Both share an `otp.py` extraction brain (regex for codes + magic links) so email and SMS produce the same `{code, link}` shape.

---

## Self-host vs. hosted

**Self-host is fully functional and free** — that's what this repo is. Run the MCP server locally or the HTTP API on your own box, screen against real OFAC data, never pay a cent.

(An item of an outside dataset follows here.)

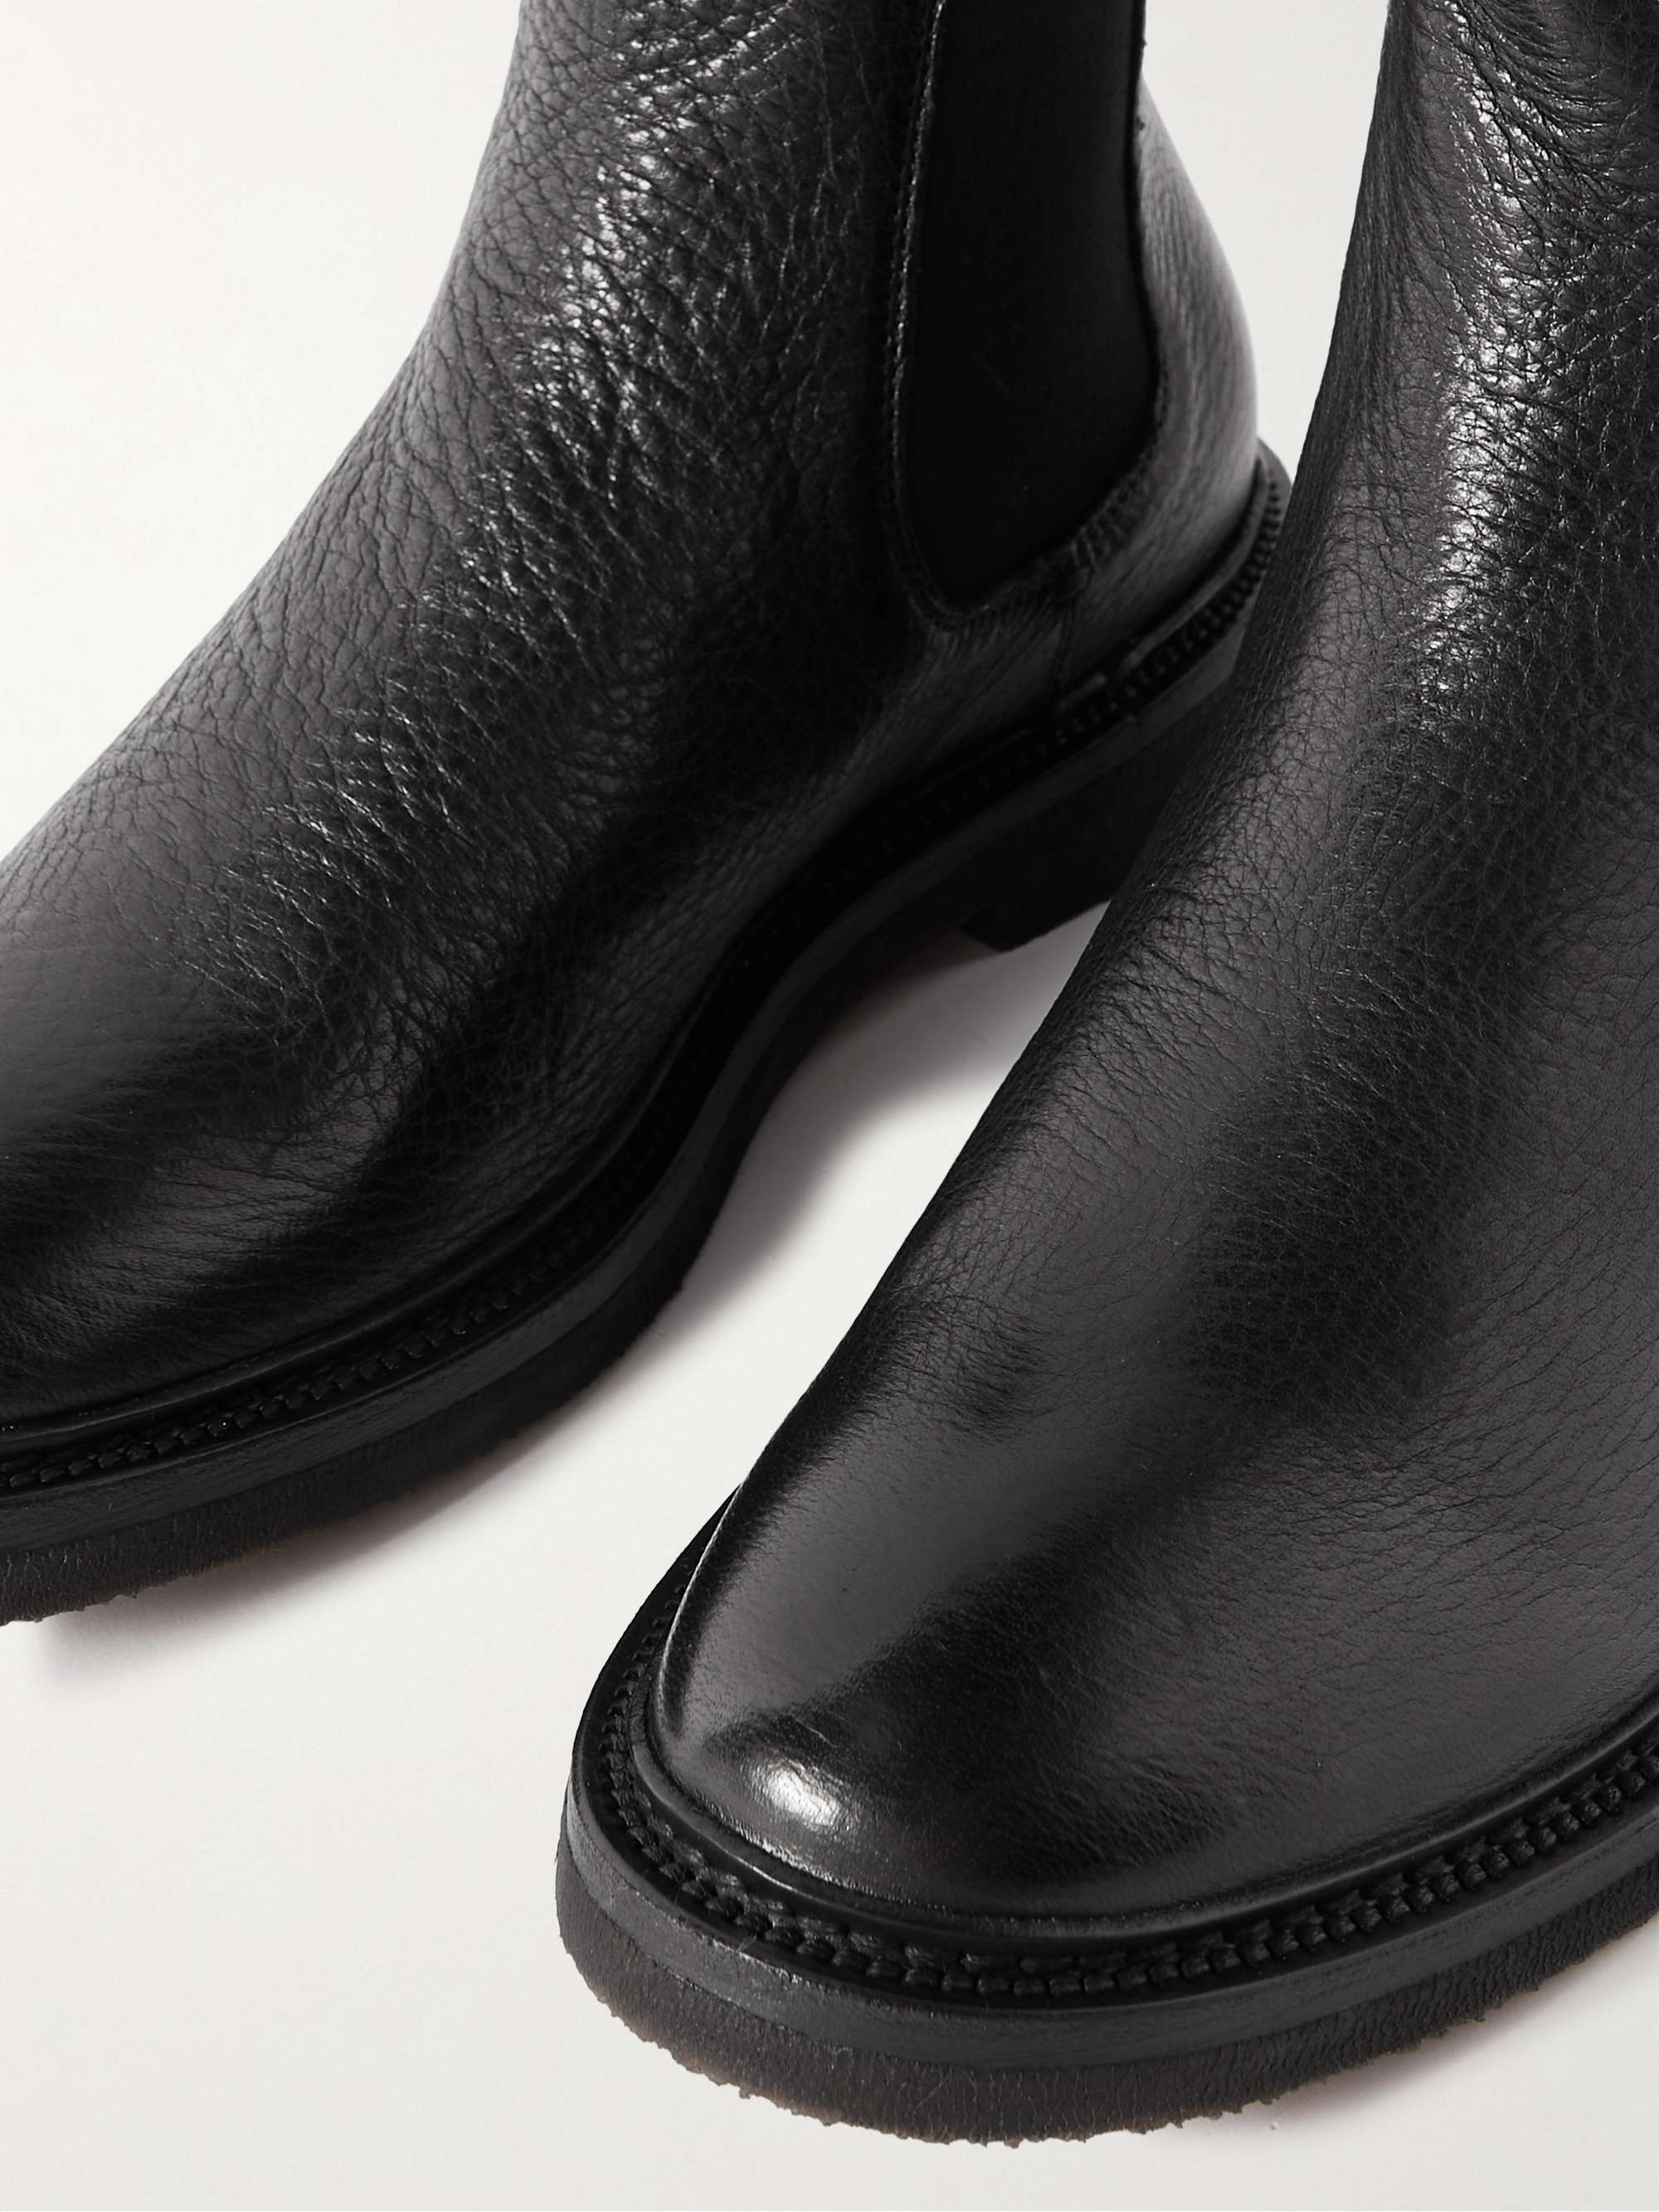 OFFICINE CREATIVE Hopkins Full-Grain Leather Chelsea Boots for Men | MR ...
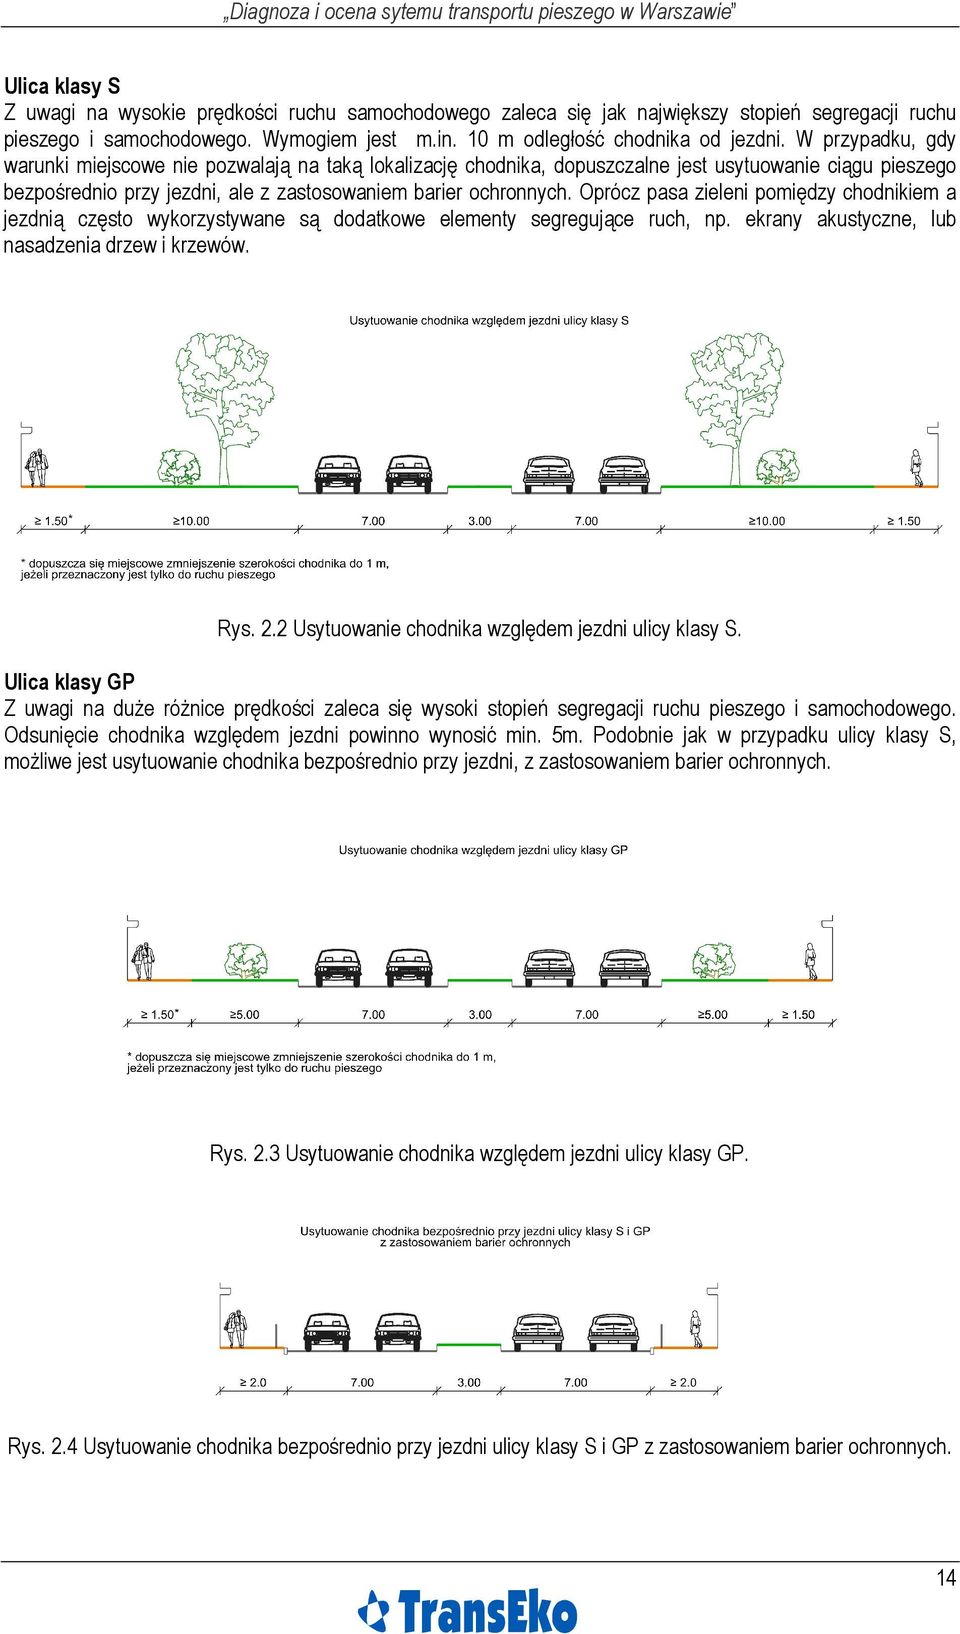 Oprócz pasa zieleni pomiędzy chodnikiem a jezdnią często wykorzystywane są dodatkowe elementy segregujące ruch, np. ekrany akustyczne, lub nasadzenia drzew i krzewów. Rys. 2.

**Hosted API** (roadmap) is for when you don't want to keep a server up, keep lists fresh, or keep a 24/7 uptime: a managed endpoint with API-key auth, rate limits, and an audit log of every screen (the thing regulators/investors ask for). Dev tier ~$19/mo. This README updates when it ships.

---

## Roadmap

- [x] Email inbox (Mail.tm) + SMS/OTP (mock/5sim/twilio) + OTP extraction
- [x] **Compliance layer — real OFAC data** (osint provider): 782 wallets + 19,086 names
- [x] MCP server (10 tools) + HTTP API + CLI
- [ ] Hosted API with API-key auth + rate limiting (Fly.io)
- [ ] Audit log (tamper-evident screen history — the enterprise wedge)
- [ ] EU + UN consolidated lists (osint provider, phase 2)
- [ ] Paid provider: ComplyAdvantage passthrough (enterprise)
- [ ] x402 per-call billing (when agents pay themselves)

## Design notes (honest)

- **The compliance layer has the real moat.** Email/SMS are plumbing a platform could swallow. Sanctions screening tied to agent-transaction history builds a dataset nobody else has, and per-jurisdiction rules are something the big infra players explicitly avoid.
- **Self-host is the free tier, not a trap.** The value you pay for (eventually) is not the data — it's uptime, freshness, and the audit trail. The data is and will stay public.
- **5sim numbers are shared-after-release.** Fine for receiving an OTP, never for 2FA on accounts you intend to keep.

## License

MIT — see [LICENSE](LICENSE).

## Contributing

Issues and PRs welcome. If you're using agentmail in production, I'd love to hear what for.